Heading down that way Saturday and was wondering if there was much fishing going on there. Never been there. Any help appreciated. THANKS


----------



## HStew (Jan 8, 2009)

Fish the north end for slots,specs,flo.. South end for same but more pan fish and puppy drum. Take everything with you as there are no stores on this Island. Water clarity is often gin clear which is good for pomps and other sight feeders.


----------



## oldsalt737 (Apr 8, 2009)

Sounds good. Any beach driving allowed. How is the parking for Haul overs.
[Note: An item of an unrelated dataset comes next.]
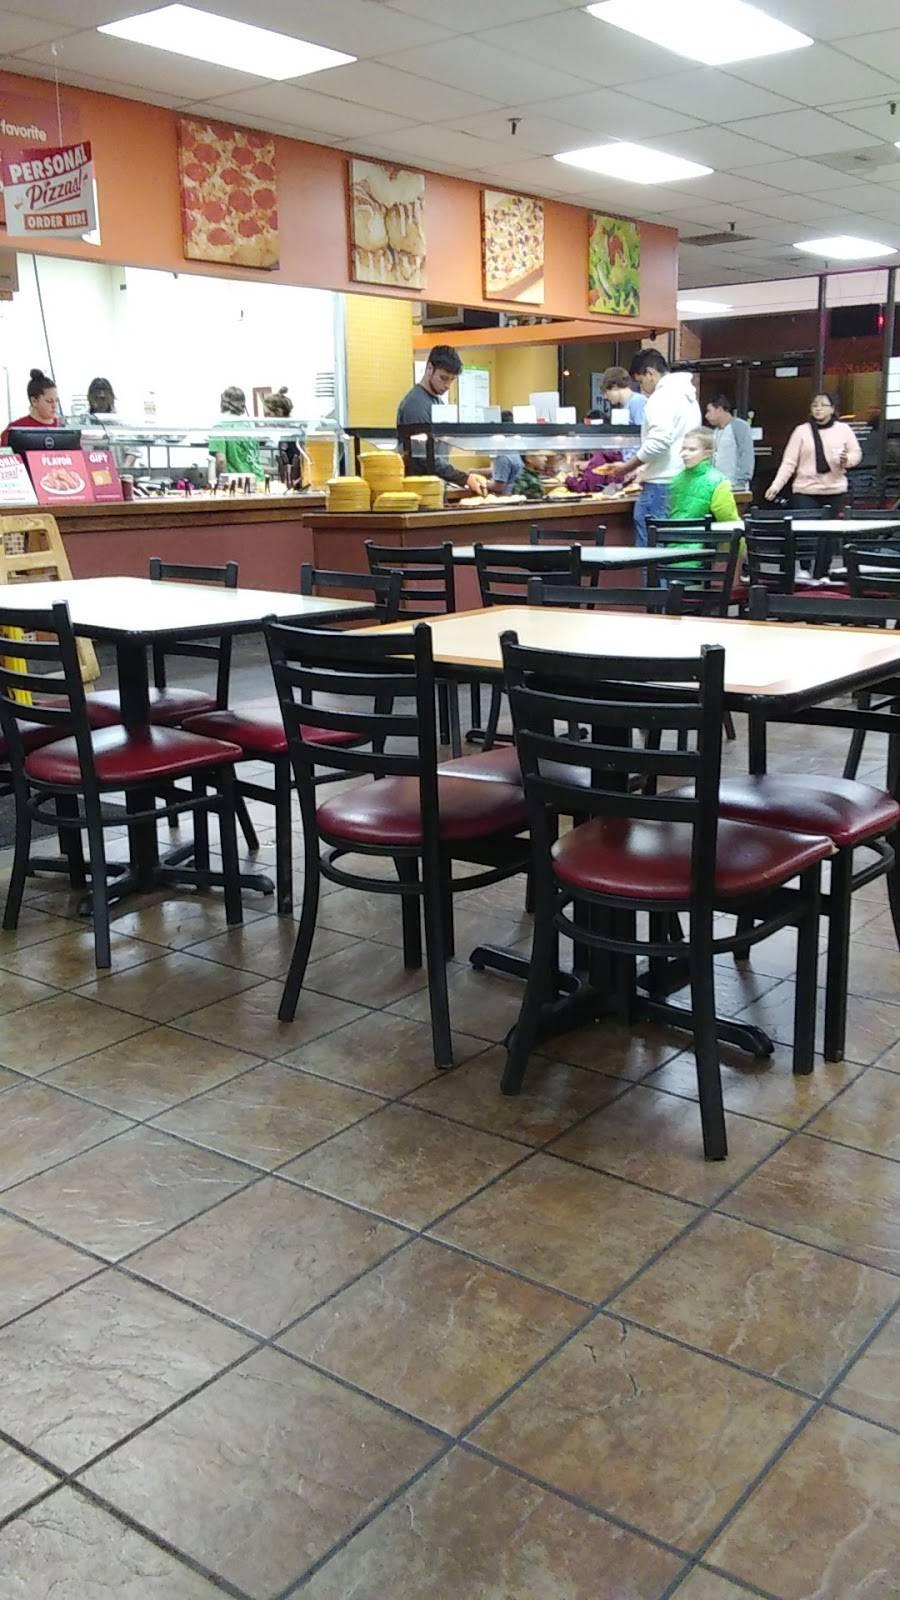 Cicis   restaurant   1807 Cherry Rd #163-165, Rock Hill, SC 29732, USA   8033243433 OR +1 803-324-3433
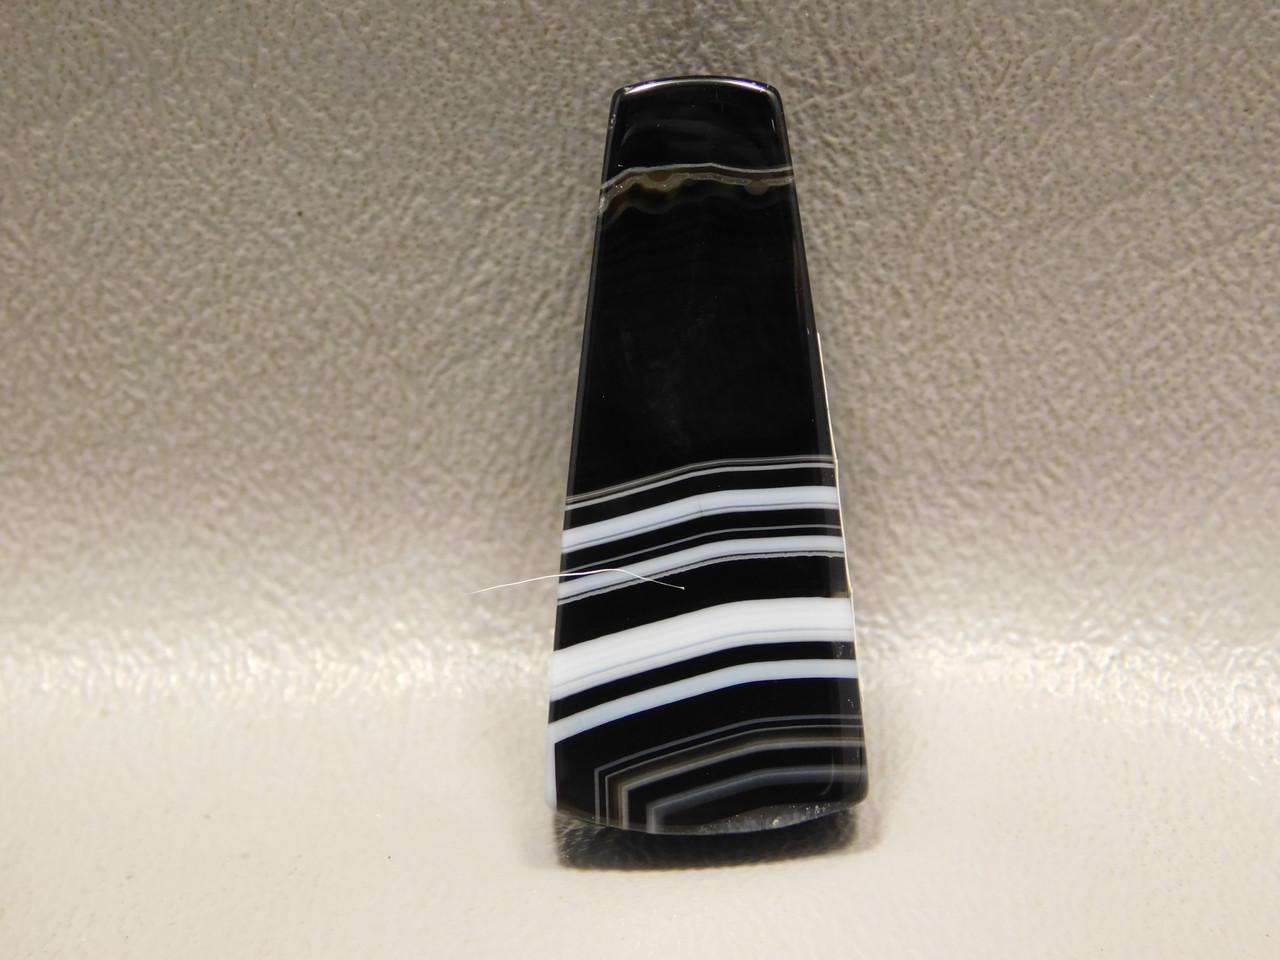 Tuxedo Agate Stone Bead Pendant #1

THANKS for the info.:fishing:


----------



## HStew (Jan 8, 2009)

There is very limited parking. This is a private island ,gated with a guard,and you need a pass to gain access.


----------



## oldsalt737 (Apr 8, 2009)

So, I guess I won't be going there. Guess I will have to head to Topsail, Carolina or maybe the Fort.


----------



## EverSoDull (Nov 13, 2007)

Something tells me that they would not welcome me nor my kind on their island.... 

Wikipedia says......

"*Figure Eight Island* is an island in North Carolina. It is a private island and that can only be reached via a guarded causeway bridge. It has been a popular destination for celebrities and politicians including former Vice President *Al Gore*, and *John Edwards*, who owns a house on the island... 

Sea turtles are monitored on a daily basis, the homeowners' association commisioned a survey of endangered plants and animals on the island, some of the animals of special interest were *piping plovers*, sea turtles, sea beach amaranth, and marine mammals."

Good Luck,
:fishing:


----------



## esoxcpr (Sep 25, 2009)

*Figure Eight Fishing*

That's all true. You will not be allowed to cross the bridge. The only way to fish Figure Eight is by boat. Rich Inlet is the north end, Mason Inlet is the South end. Beaches on both ends of Figure Eight are extremely popular with boaters partying on the beach, something that the wealthy Figure Eight property owners can't do a darn thing about.

Seeing as in NC all beaches are public property, you can beach your boat using one of the inlets mentioned and then walk up the Figure Eight beach to surf fish. As mentioned, the water there is almost always extremely clear.


----------